• _TASK ITEM_
Give every line of the data again, unchanged, but with no pictures.

• _INFORMATION SUPPLIED_

/---

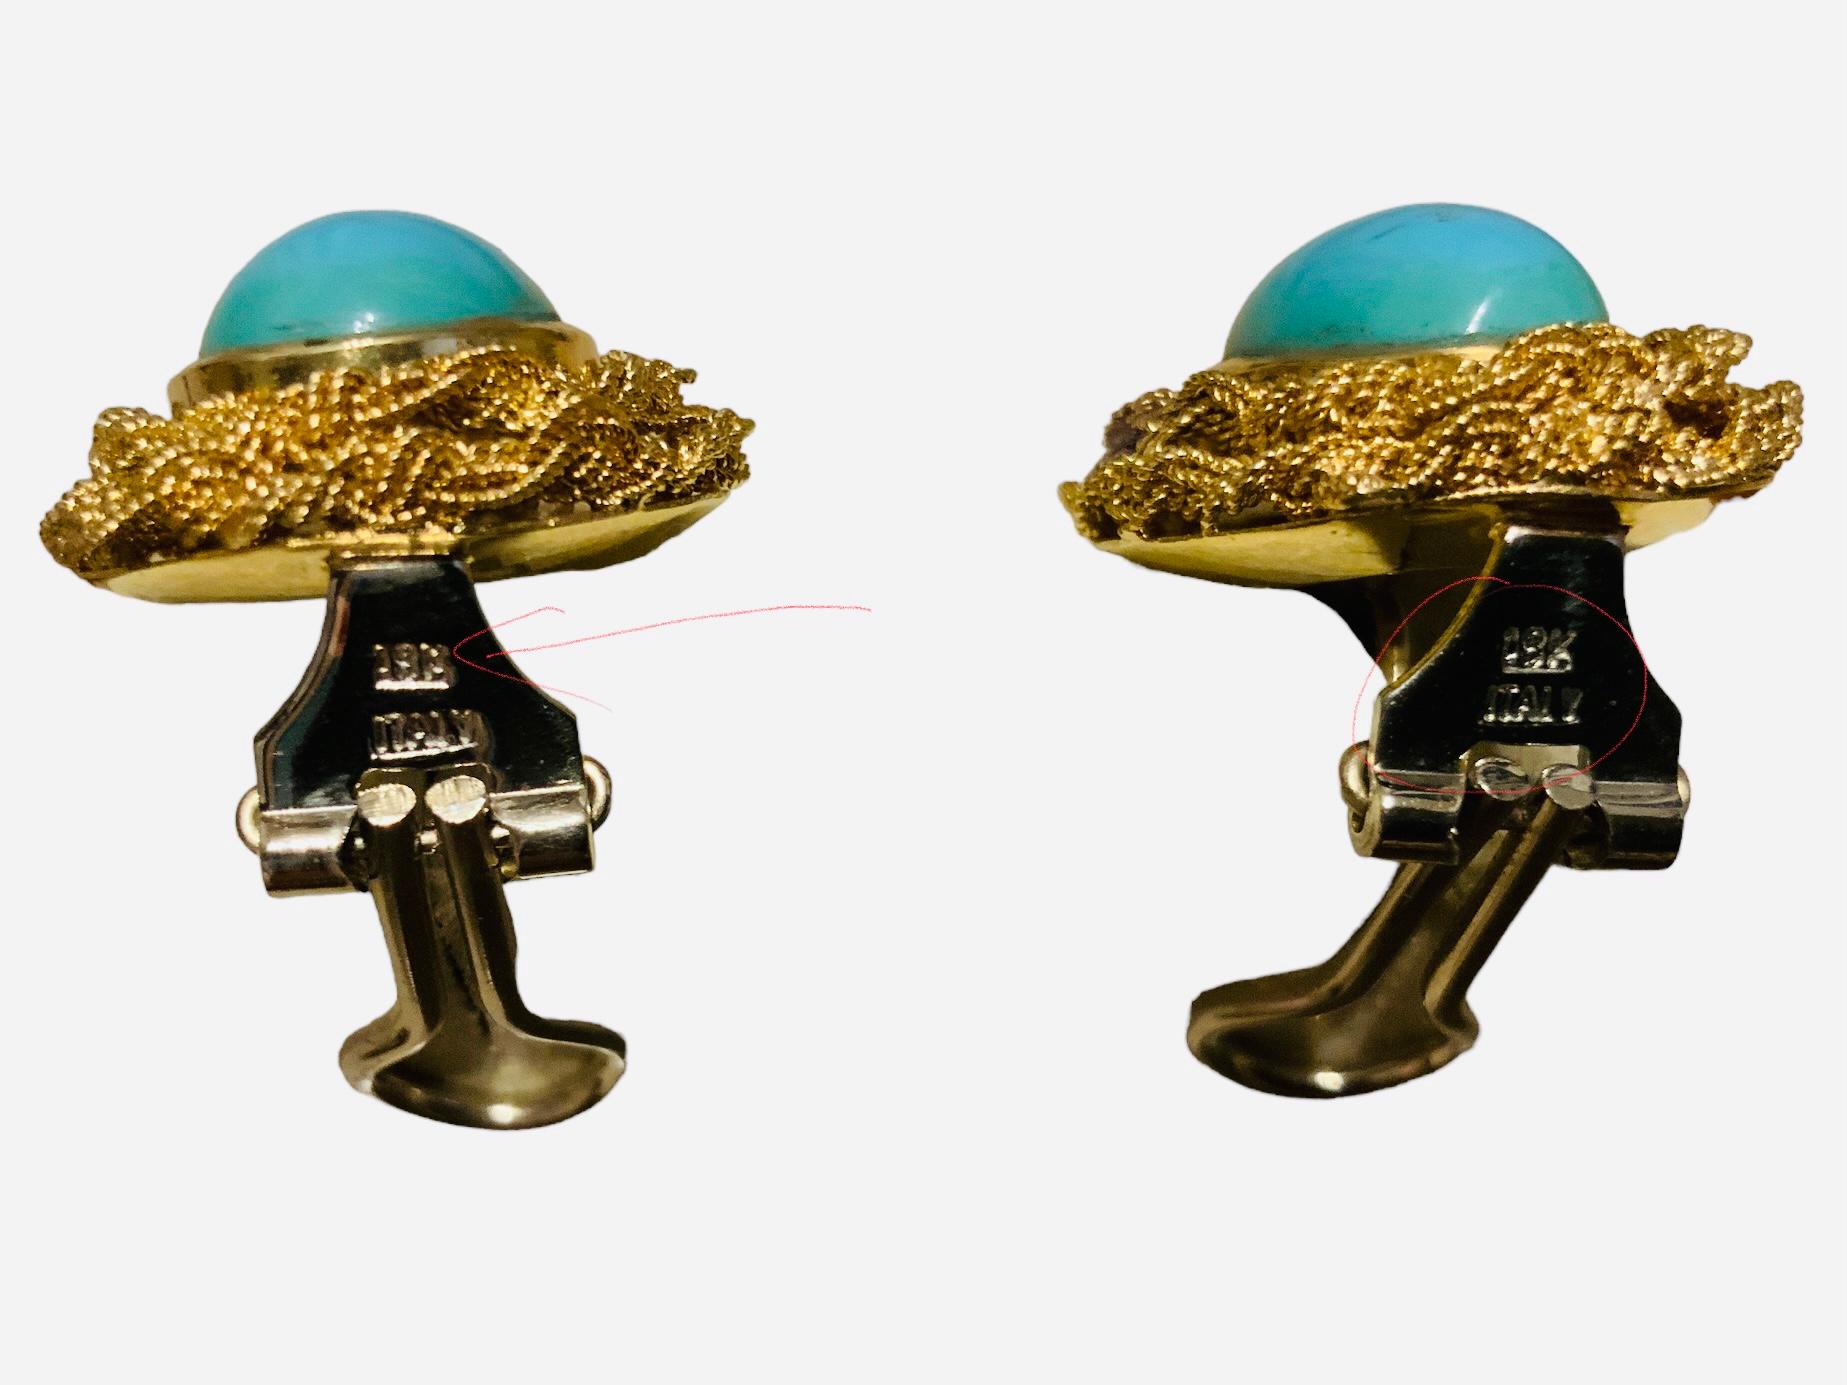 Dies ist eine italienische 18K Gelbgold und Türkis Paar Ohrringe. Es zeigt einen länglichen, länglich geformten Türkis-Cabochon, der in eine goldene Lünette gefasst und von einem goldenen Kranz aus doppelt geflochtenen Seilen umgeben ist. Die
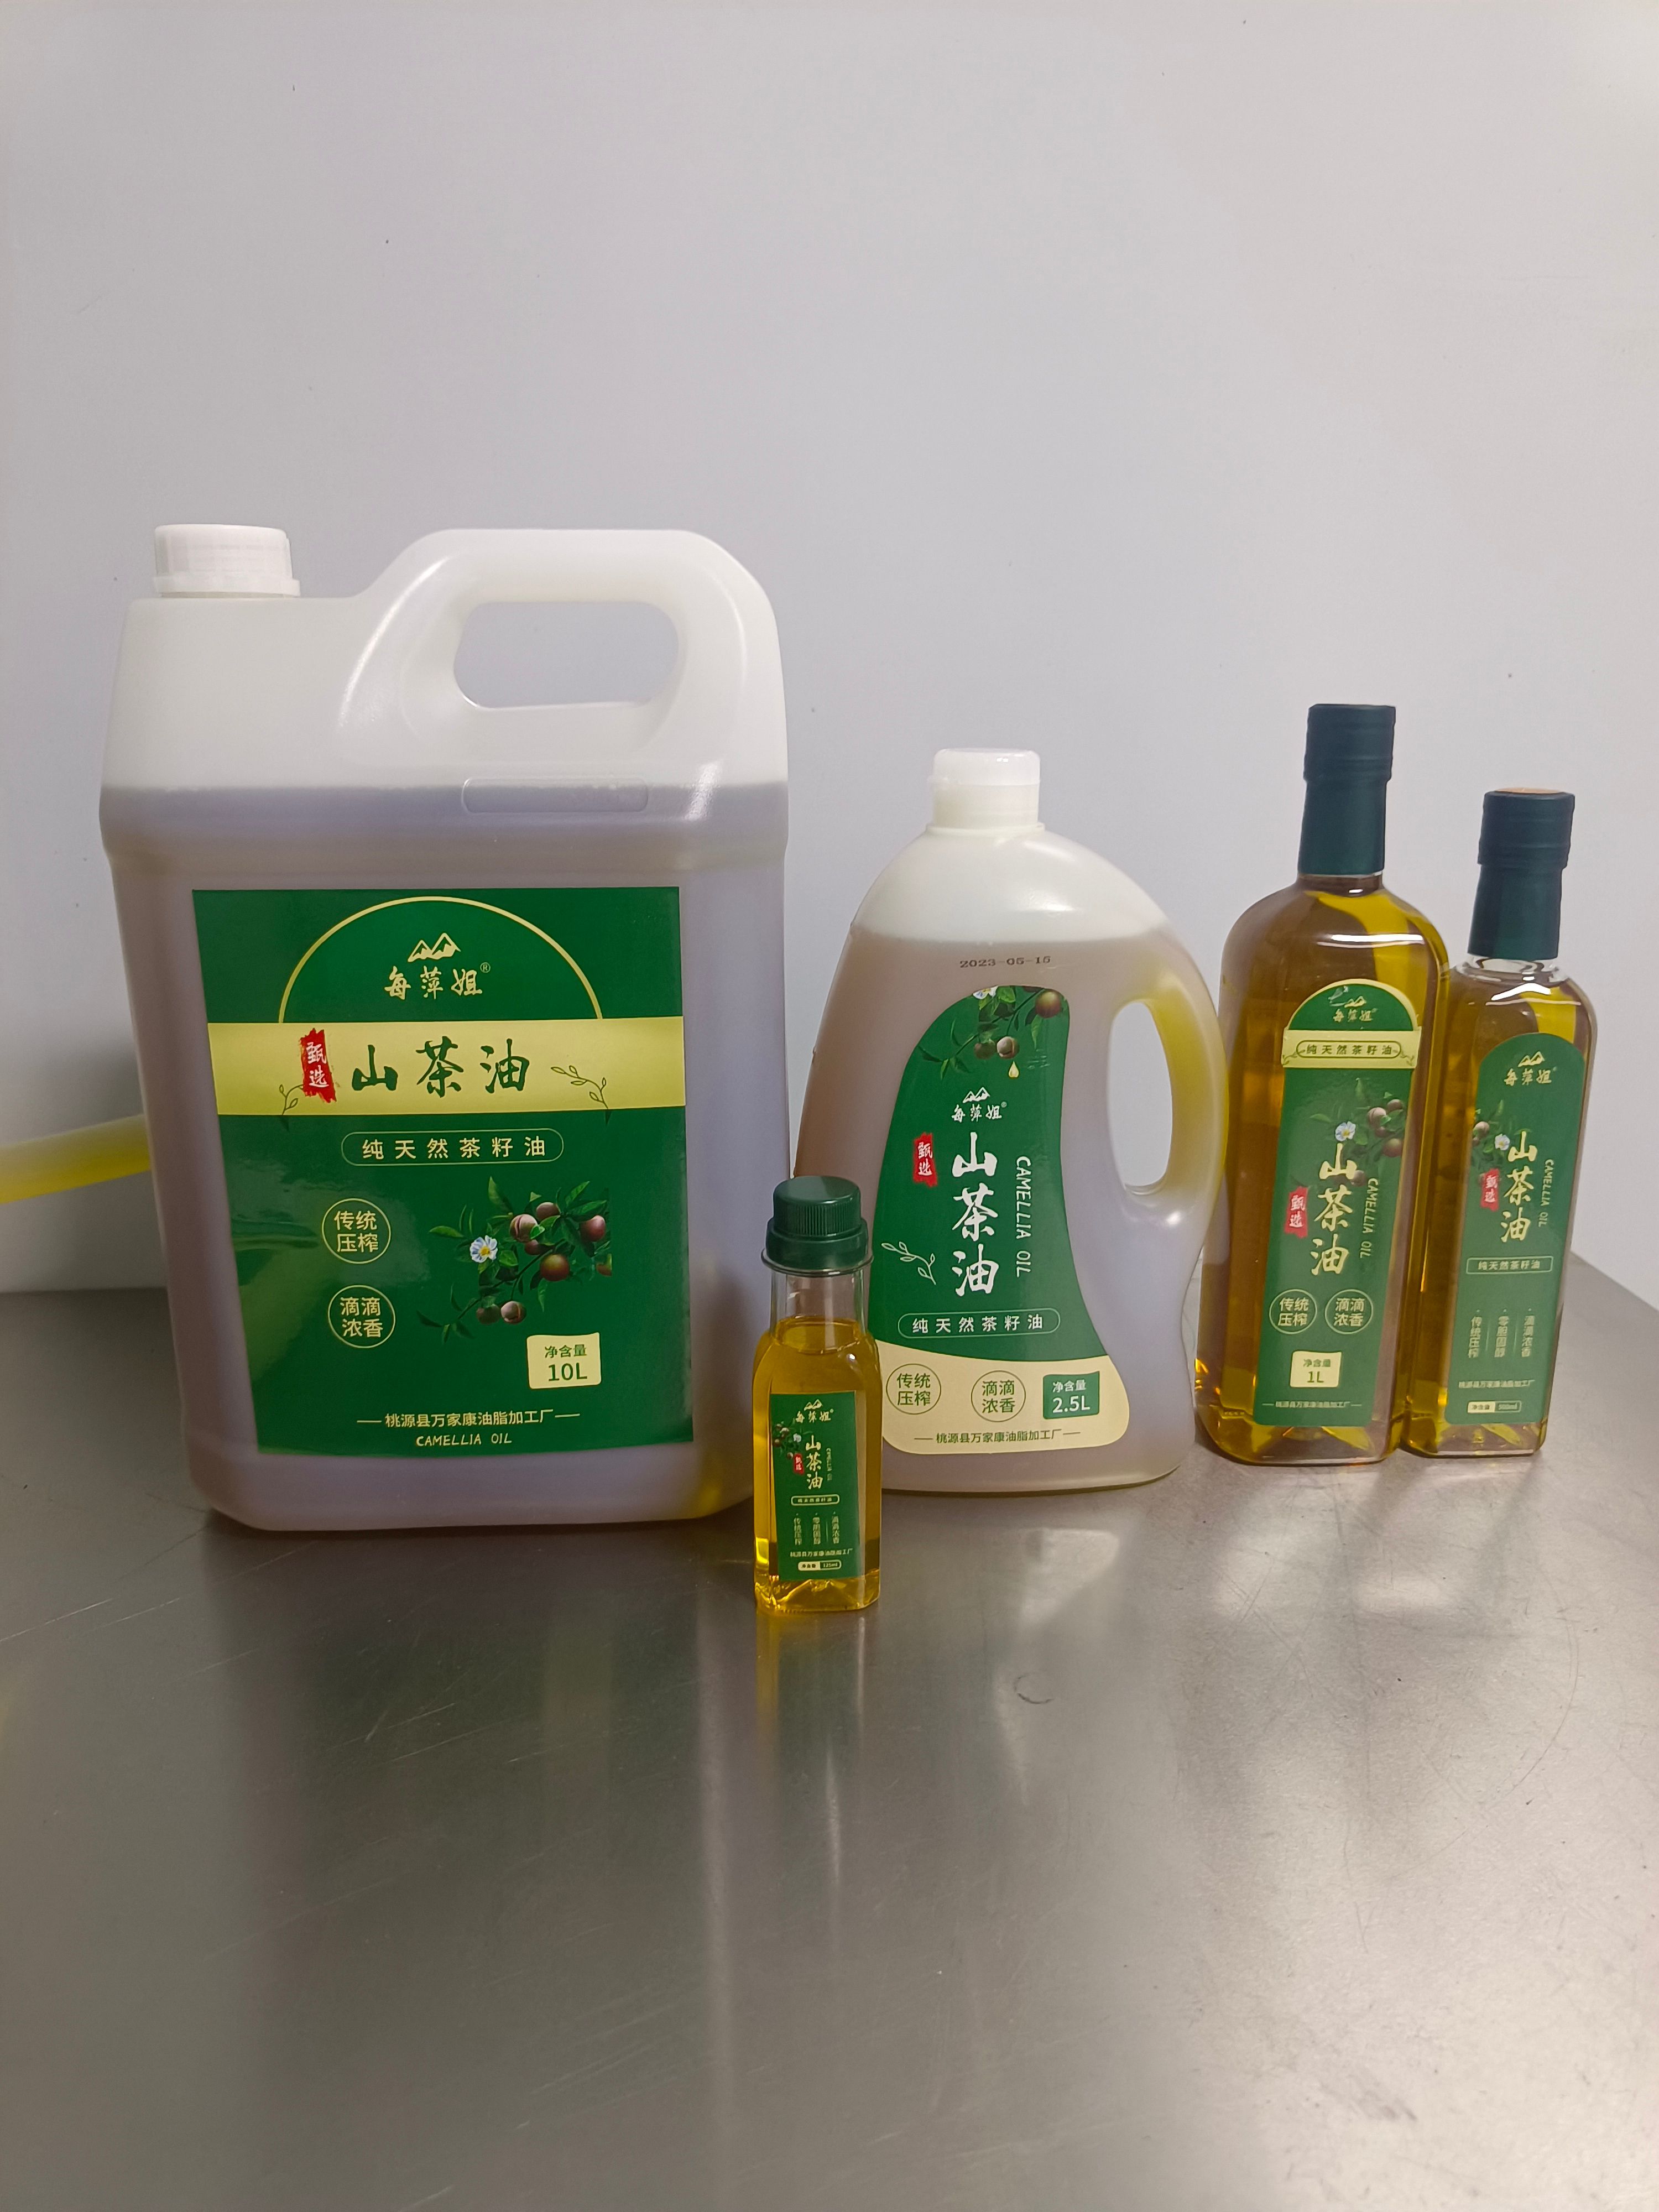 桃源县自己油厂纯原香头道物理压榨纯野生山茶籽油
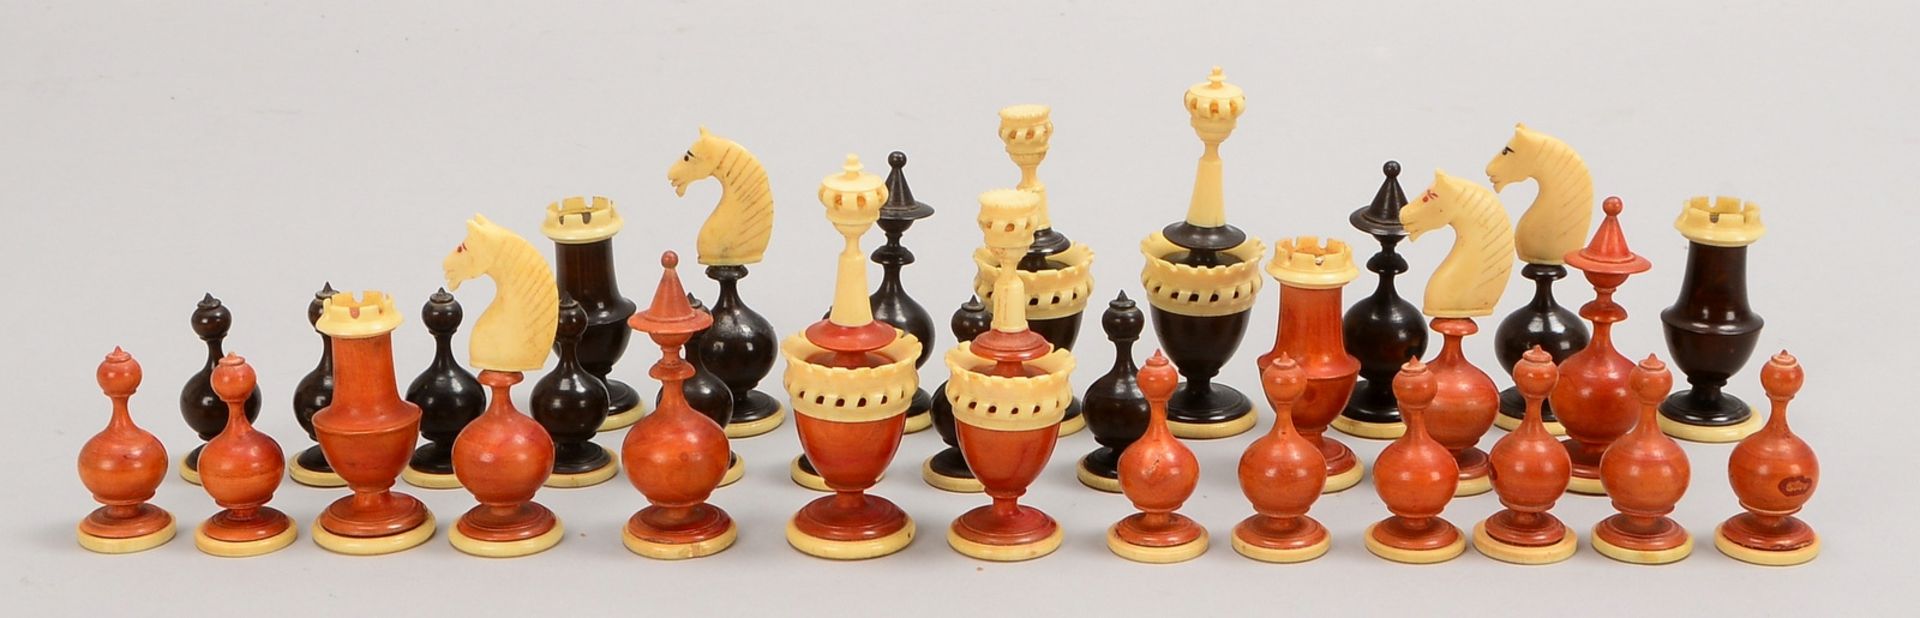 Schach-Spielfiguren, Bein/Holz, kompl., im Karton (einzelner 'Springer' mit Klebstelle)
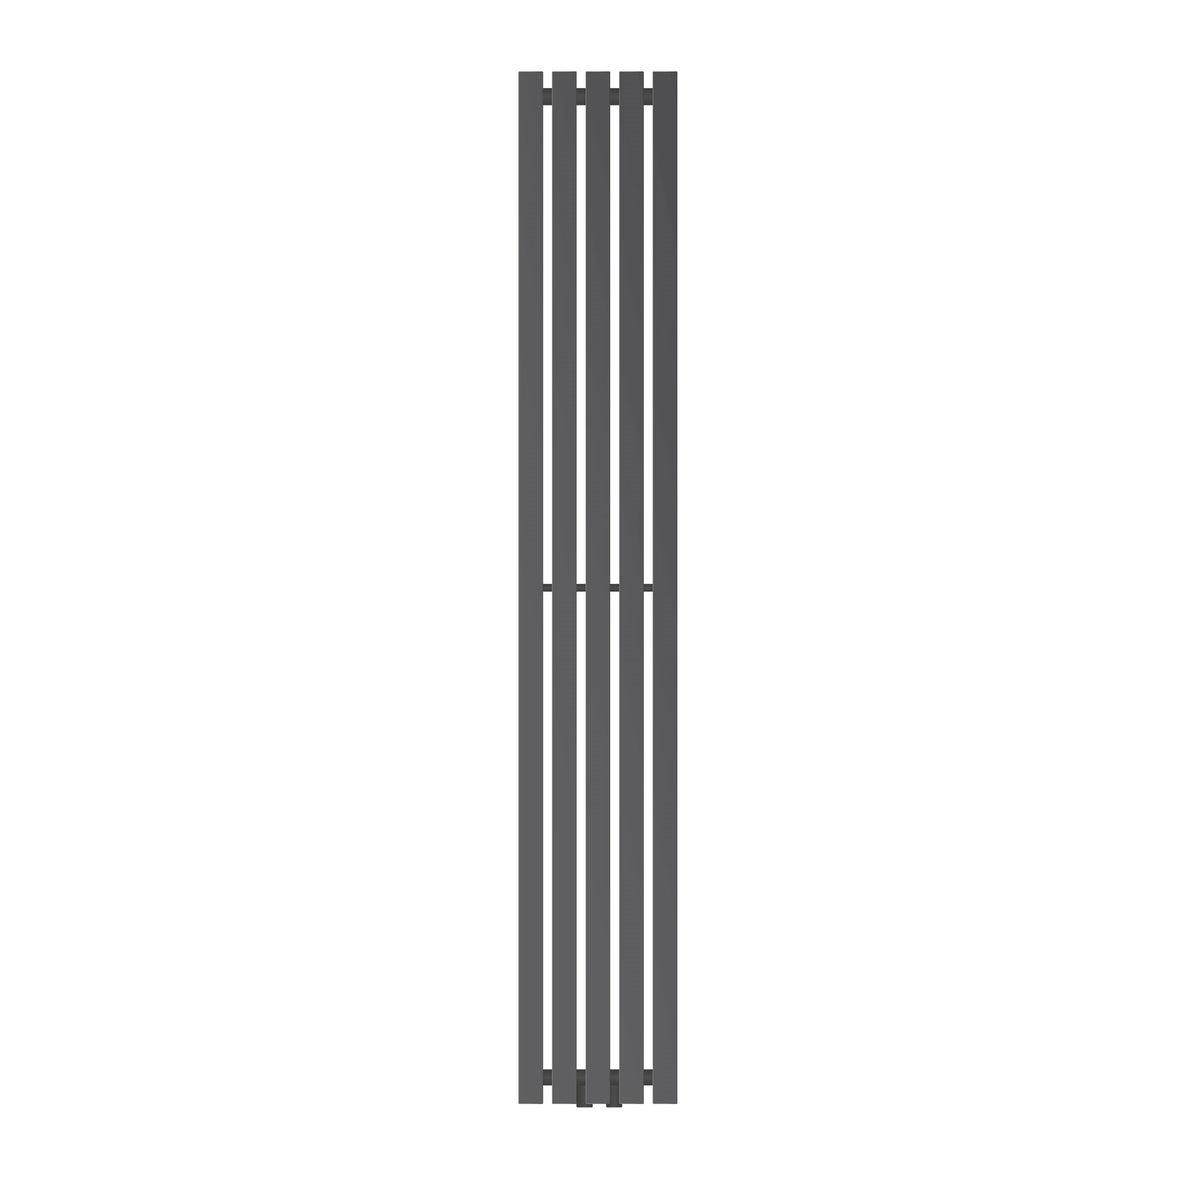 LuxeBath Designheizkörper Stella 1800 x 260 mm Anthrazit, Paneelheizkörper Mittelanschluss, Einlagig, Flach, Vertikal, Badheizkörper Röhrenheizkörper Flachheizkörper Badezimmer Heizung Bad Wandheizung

\---

• _EXERCISE RESPONSE_
 Dies ist eine italienische 18K Gelbgold und Türkis Paar Ohrringe. Es zeigt einen länglichen, länglich geformten Türkis-Cabochon, der in eine goldene Lünette gefasst und von einem goldenen Kranz aus doppelt geflochtenen Seilen umgeben ist. Die
 桃源县自己油厂纯原香头道物理压榨纯野生山茶籽油
 Schach-Spielfiguren, Bein/Holz, kompl., im Karton (einzelner 'Springer' mit Klebstelle)
 LuxeBath Designheizkörper Stella 1800 x 260 mm Anthrazit, Paneelheizkörper Mittelanschluss, Einlagig, Flach, Vertikal, Badheizkörper Röhrenheizkörper Flachheizkörper Badezimmer Heizung Bad Wandheizung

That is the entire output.